Obama softens his stand on debt deal


Associated Press

WASHINGTON

Running out of time, President Barack Obama softened his stand and signaled Wednesday he would back a short-term deal to prevent a disastrous financial default Aug. 2, but only if a larger and still elusive deficit-cutting agreement was essentially in place. He called lawmakers to the White House in a scramble to find enough votes from both Republicans and his own party.

Obama met with the Democratic leaders of the House and Senate, and then separately with House Speaker John Boehner and his deputy, Majority Leader Eric Cantor, in hopes of cobbling together a big compromise.

All signs pointed to a legislative fight that would play out to the end.

The president, pushing for a deal that would cut the nation’s budget deficit across the next decade and extend the government’s tapped-out borrowing power through the approaching election year, had threatened to veto any stopgap expansion of the nation’s debt limit.

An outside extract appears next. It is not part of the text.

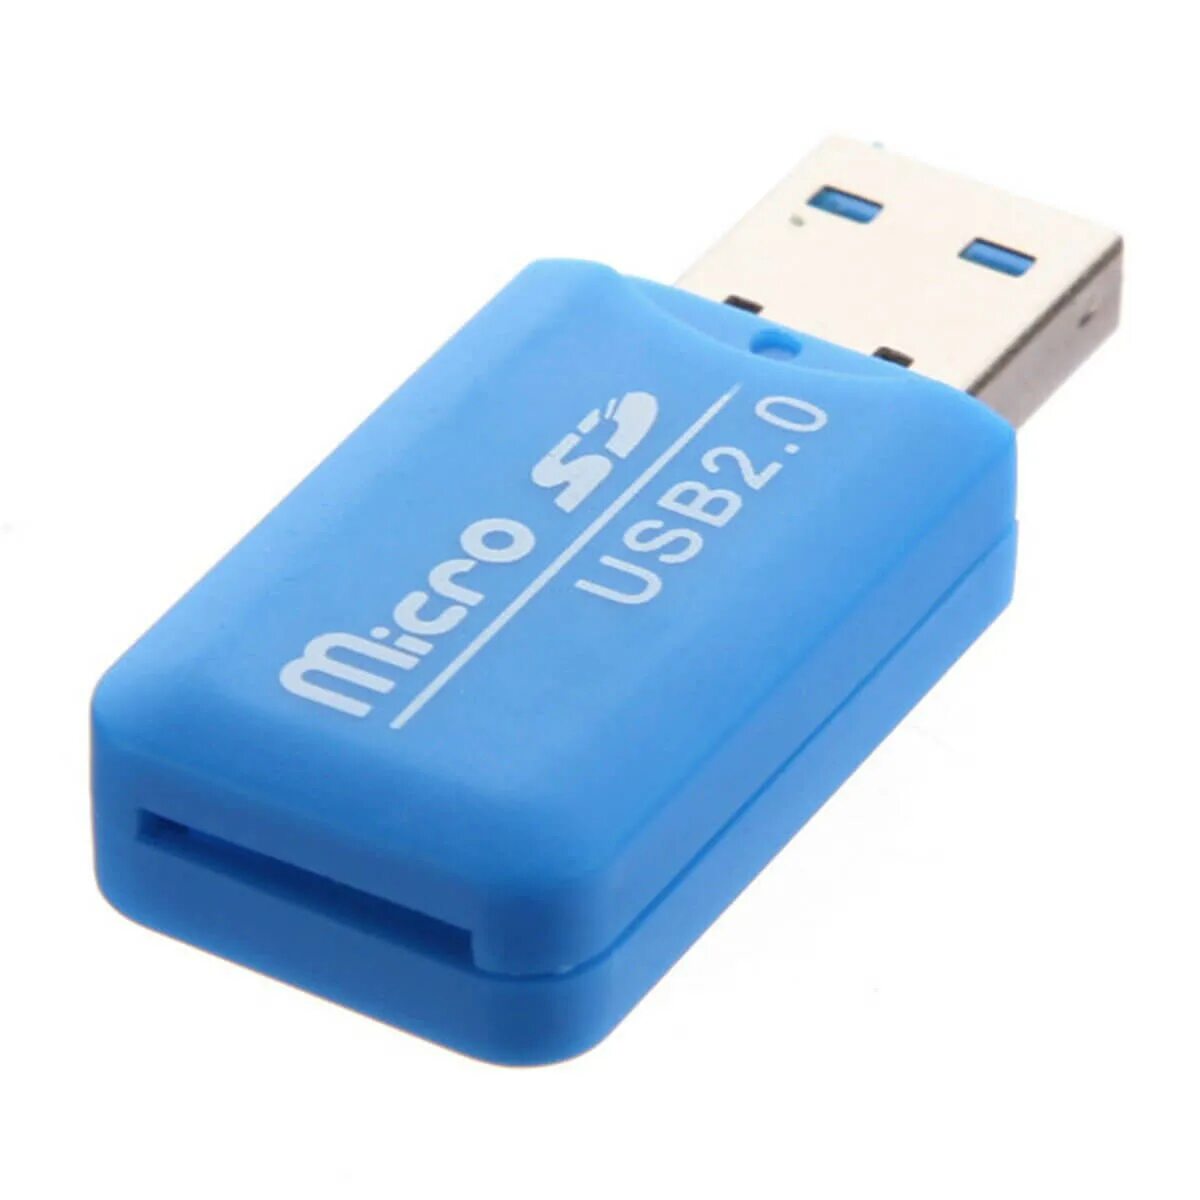 Купить картридер микро usb. Адаптер USB 3.0 микро SD. Card Reader 2 SD 2 MICROSD. Адаптер микро SD карта TF кард-ридер USB. Картридер для микро SD USB 2.0.

Obama’s now-calibrated position, offered by spokesman Jay Carney, reflected the reality: Leaders are nearly out of time to head off unprecedented trouble. Carney said if a divided Congress and the White House can agree on a significant deal, Obama would accept a “very short-term extension” of the debt limit to let bigger legislation work its way through Congress.

Even a few days matters, given the stakes.

The government will exhaust its ability to borrow money and pay its bills come Aug. 2, an outcome that could sink the country back into recession, halt Social Security checks, send interest rates higher and erode the creditworthiness of the richest nation on earth.